I've been optimizing some code and I've discovered something that I find upsetting. It appears that even the most trivial move operations can produce in-memory copies (sometimes actual calls to memcpy).
Here is a simplified example to illustrate. In practice I would expect this code to essentially compile down to the same machine code as a an isomorphic formulation using &mut but it appears to be creating a new buffer on the stack for each move. It even does this when the code is inlined.
Is there a trick to tell the compiler I want it to reuse the memory?
Your calls to addr_of!() are constraining what the optimizer can do (in practice, even if not in theory). Delete them and you get only one memcpy instead of three.
Thanks! Very interesting... Do you know why this happens?

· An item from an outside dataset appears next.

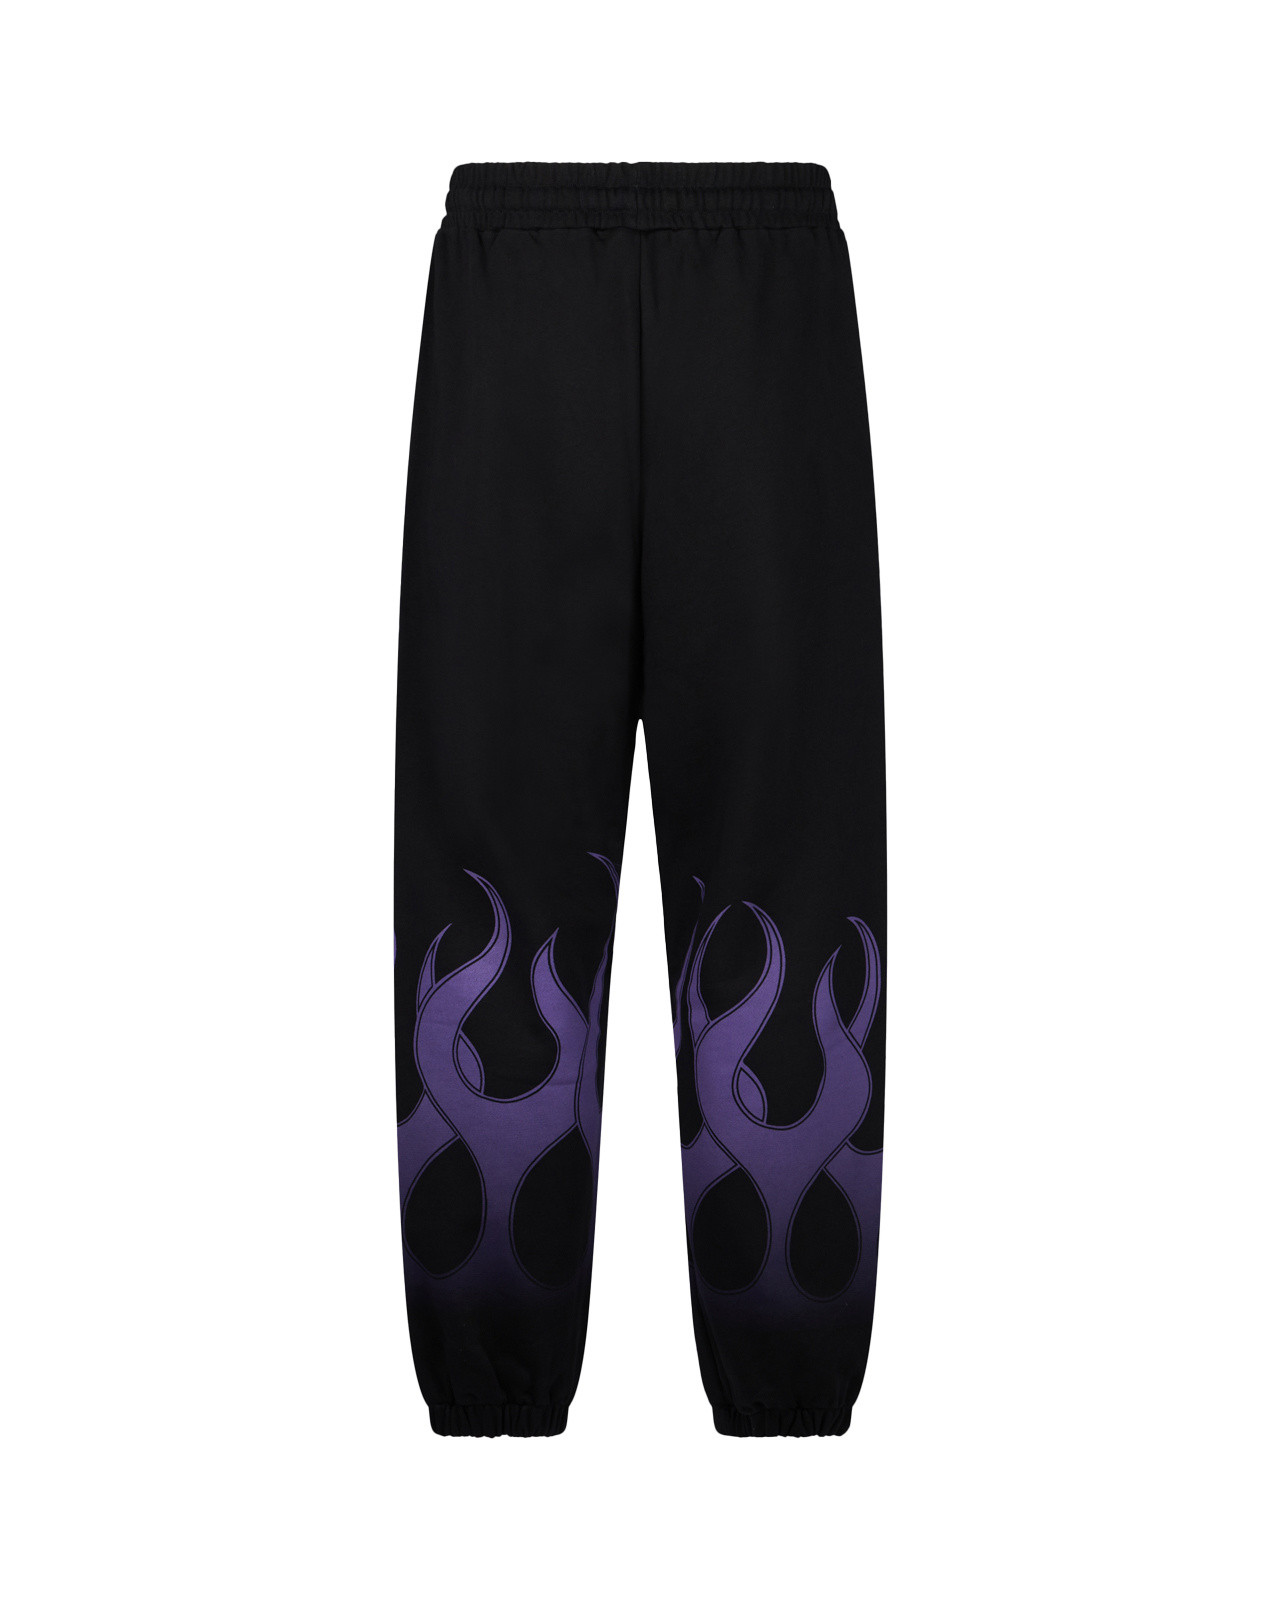 Vision of Super - Pants with racing flames, Black, large image number 1

I thought perhaps addr_of! is using the same back-end infrastructure as const borrowing, so the optimizer thinks it can't let an object mutate while it's borrowed? But that hypothesis seems silly because const borrows do end.

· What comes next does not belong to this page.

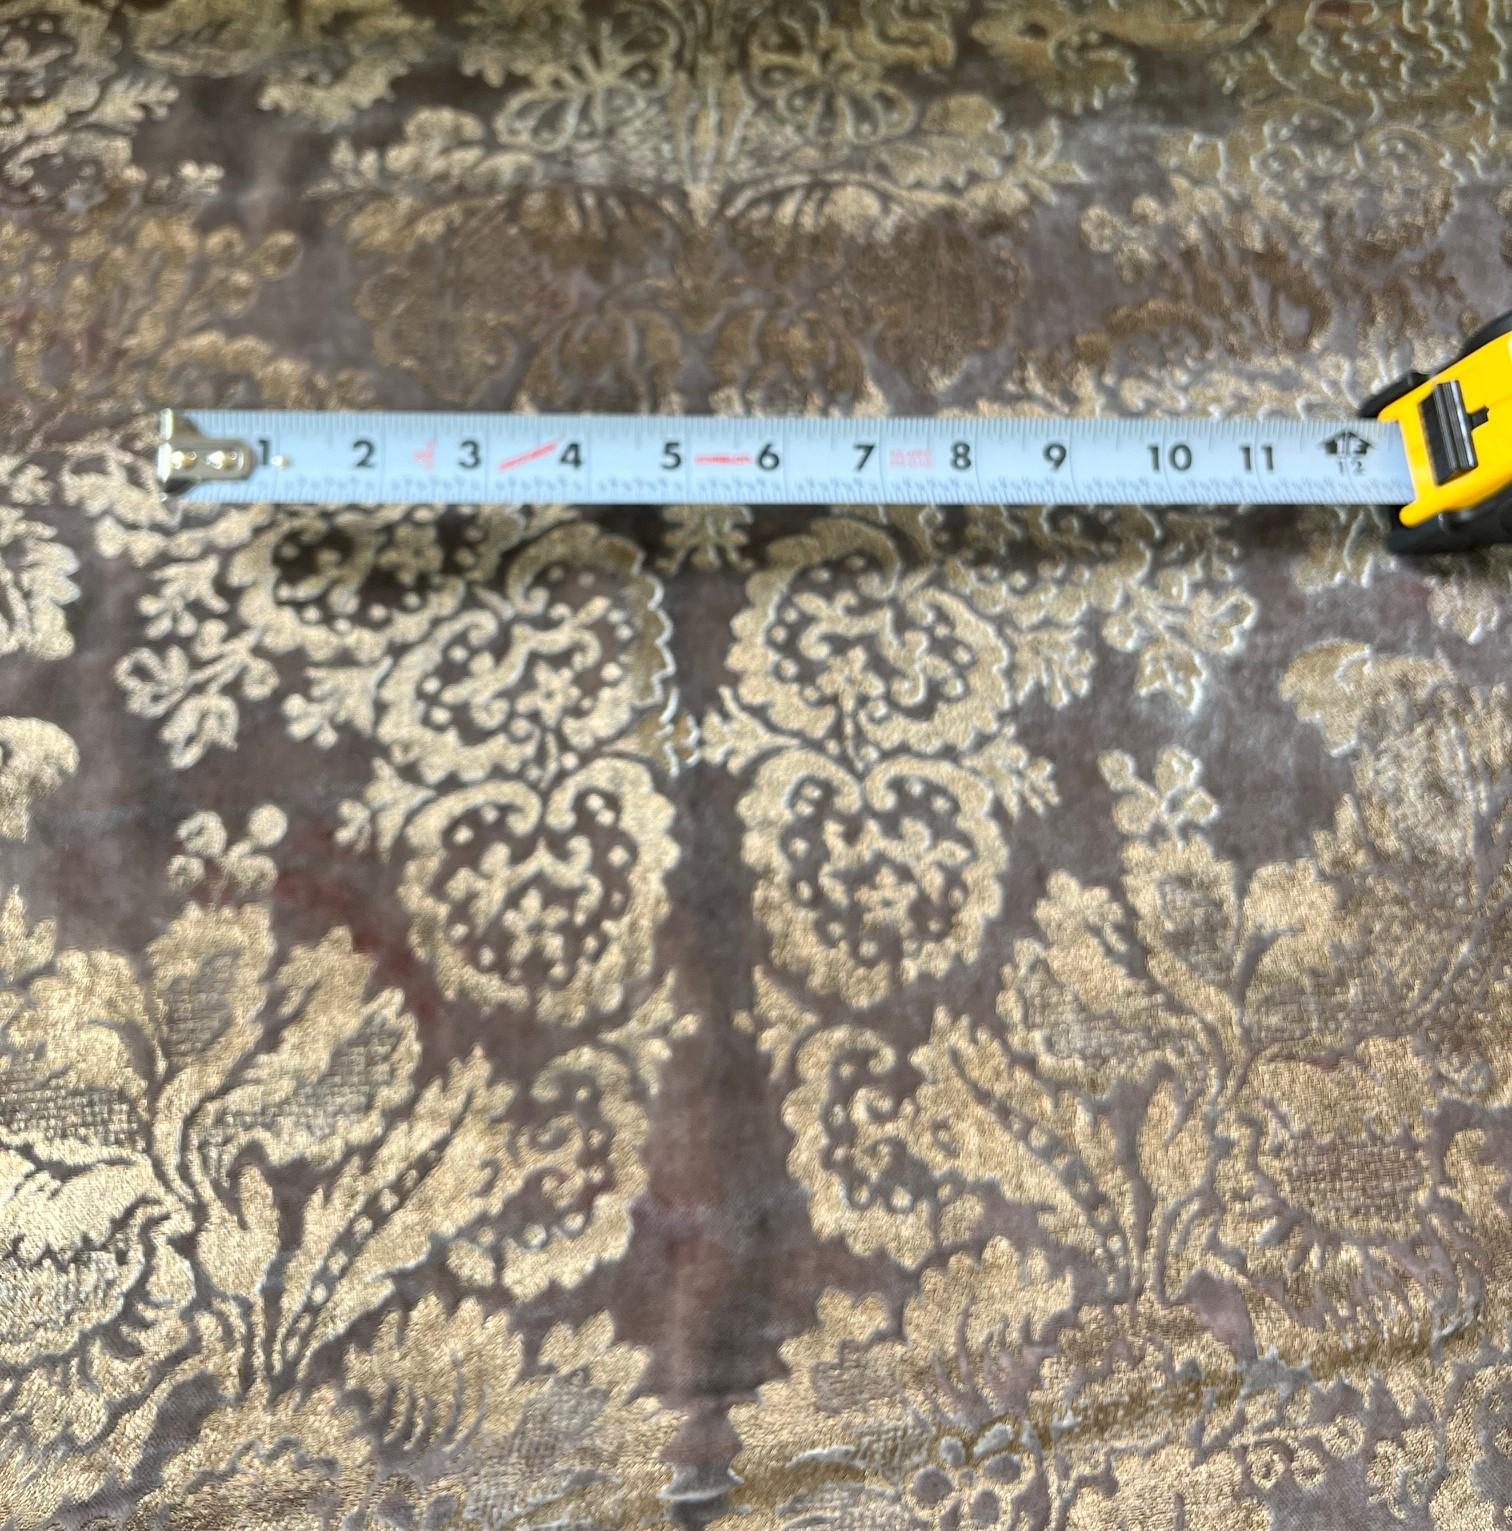 Hand dyed and stamped Fortuny silk velvet fabric in warm french brown and pigmented gold. This is a truly magnificent hand stamped velvet damask fabric. This fabric is hand made using hand dyed velvet for the base cloth and wooden blocks silk

Thanks again. I would not have guessed that would have affected the optimizer.
If you ask for the address of something, then it has to have a specific address that it is at, for at least as long as the pointer might be read. If you don't ask, then moving the value has no effect on the program's behavior at all, so the optimizer is free to use as many or as few distinct locations as it likes; there are no constraints.
That makes sense. The variable binding is an alias, but maybe there is something in the specification that local variables live contiguously in their stack frame (just guessing...) so asking for an address forces a memcpy to make that happen.
As a related example, observing the address of something can force it to be on the stack when it otherwise might have been put in a register (since register's don't have addresses, for one; and because if you're observing the address, presumably it is significant to you, for another).